The uneven play was surprising given the number of so-called “cerebral” players on the court. Erving and Trail Blazers star Bill Walton are certified basketball geniuses. Philadelphia’s Doug Collins and Mike Dunleavy and Portland point guard Hollins became NBA head coaches. Walton, Dunleavy and Philadelphia’s Henry Bibby and Joe “Jellybean” Bryant sired professional offspring. (If you ever wonder why Kobe Bryant lapses into gunner mode sometimes, just watch tape of his father. In this game, “Jellybean” came into the game late in the second quarter and hoisted two shots in under a minute. It’s ingrained in the DNA.)
The game might not have been easy on the eyes, but it set up some themes to watch for throughout the series:
Maurice Lucas vs. George McGinnis: The battle at power forward was between two rugged, quick-tempered ABA refugees. Lucas was a tough rebounder for Portland who that season had added a consistent mid-range jumper. He also acted as sort of an enforcer for Walton (who named his NBA-playing son after his beloved teammate). Lucas got into foul trouble banging with the equally powerful McGinnis. Every rebound was a battle between the two, and a brief flare-up of tempers occurred in the second quarter but no blows were thrown (which often was the case with these bruisers).
The pace of play: Philadelphia wanted to lure Portland into a run-and-gun street game. The 76ers’ success in that endeavor helped turn Game 1 into a festival of turnovers. Portland liked to run, but did so selectively. The Trail Blazers’ fast break was more textbook, whereas Philadelphia’s was more improvisatory. Walton would snap one of his vaunted outlet passes to Hollins, who would make the decision whether to push it with Gross or Johnny Davis on the wings. Philadelphia would get the ball to Collins or Erving and let them sprint headlong to the rim.
The genius of Bill Walton: As often noted, this was the best professional season for the injury-plagued big man. He logged 2,264 minutes that season in 65 regular-season games, by far the most action of his career. The Portland offense revolved around Walton and his superior passing ability. Walton got 28 points and 20 rebounds in Game 1, but the key number was his three assists. The 76ers were constantly sending double teams to get the ball out of Walton’s hands quickly, before he could initiate the Trail Blazers’ attack.
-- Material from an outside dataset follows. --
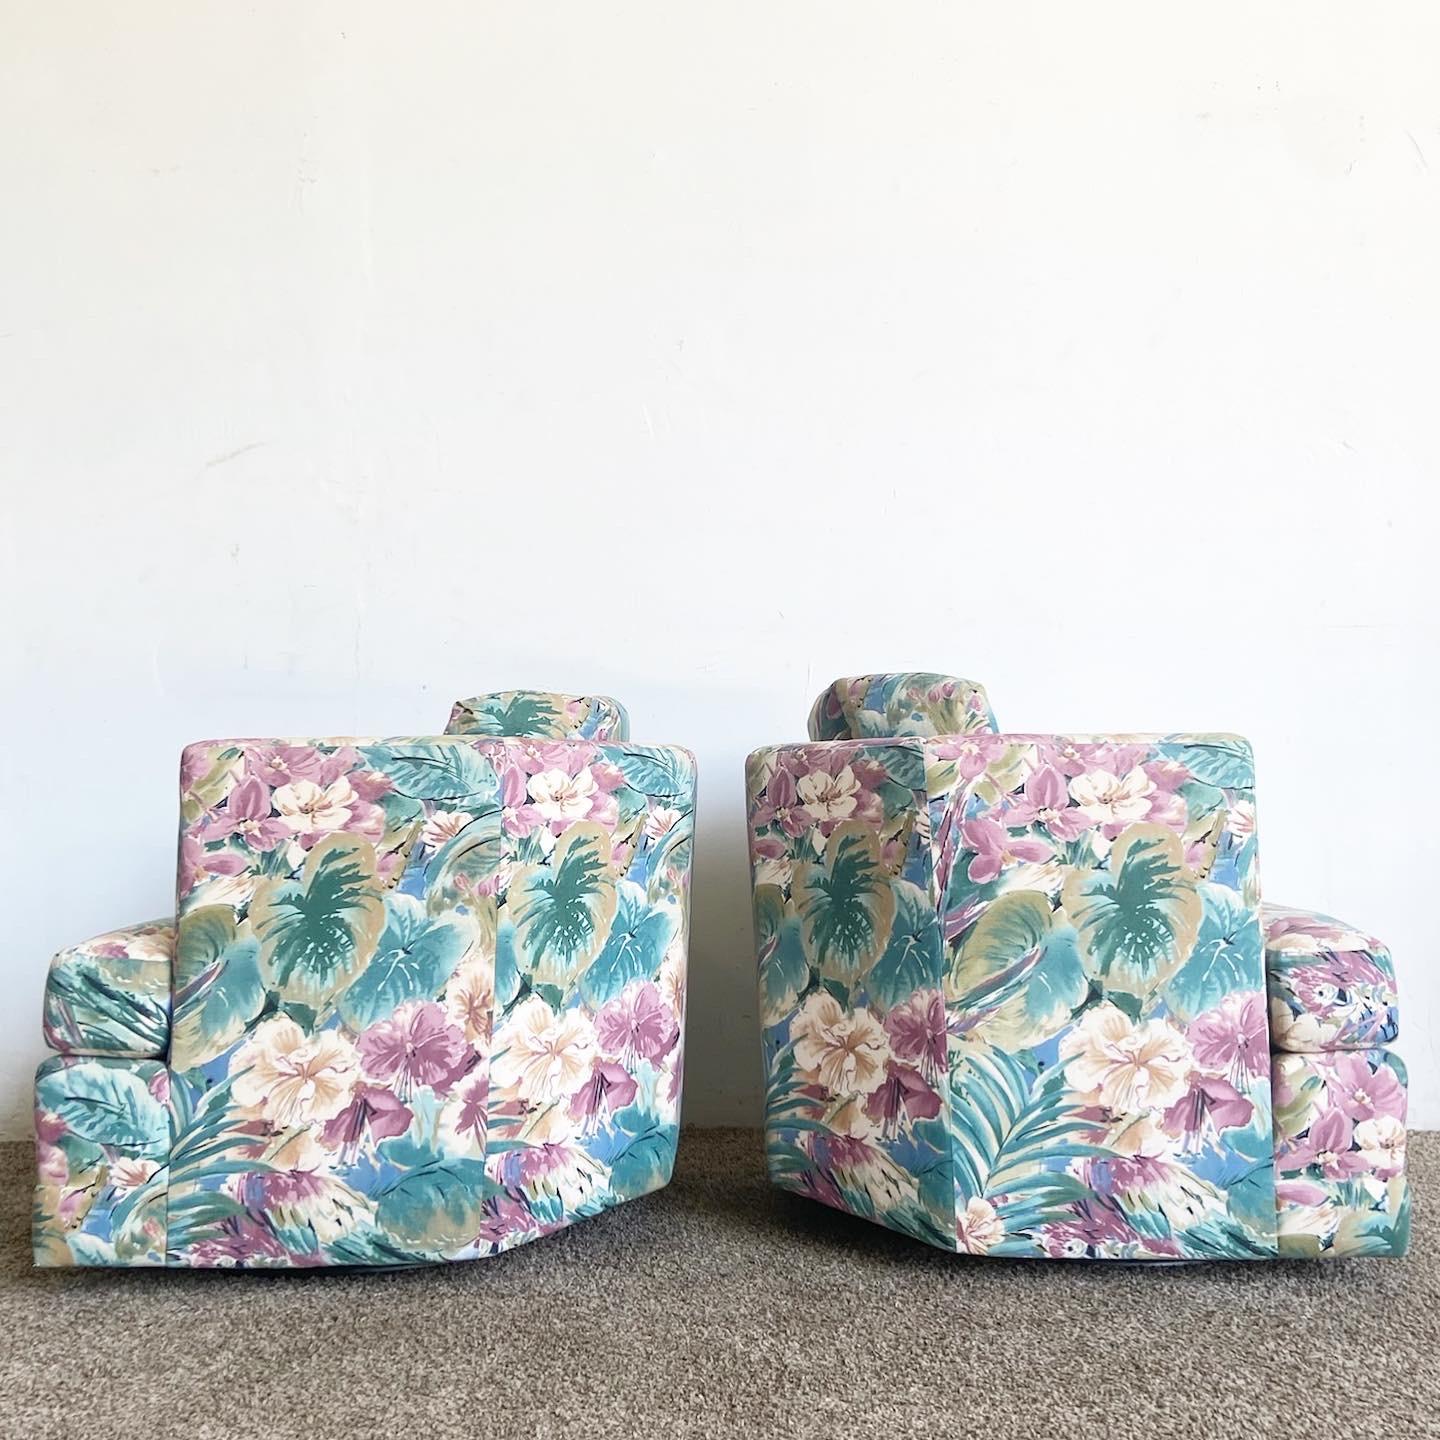 Plongez dans le design vibrant de notre merveilleuse paire de chaises pivotantes postmodernes vintage. Ces chaises sont dotées de dossiers géométriques et d'un revêtement captivant en tissu perroquet et feuillage, ajoutant une touche artistique à

The genius of Julius Erving: These Finals were described as the one-on-one 76ers against the celebrated teamwork of the Trail Blazers. But it’s hard to argue against just giving the ball to the good Doctor and getting out of the way. Erving was at his best in this game, stealing the ball and swooping in for a dunk just before the buzzer at the end of the first quarter for a 27-25 lead. He took over right after halftime, getting another steal and breakaway dunk on Portland’s first possession. He scored eight of Philadelphia’s first 10 points in the third quarter and finished with 33. Erving had highlight-reel dunks, of course, including a cram over an outstretched Walton after coming around a screen. But Erving’s most underrated moves, and maybe the prettiest, were when he drove on the left side of the basket and finished with his right hand, going right into the body of his defender.
It might have been an inauspicious beginning, but the seeds of a classic series were evident. Portland had played terribly, but was right in the game at the end. The chance for immortality was still there.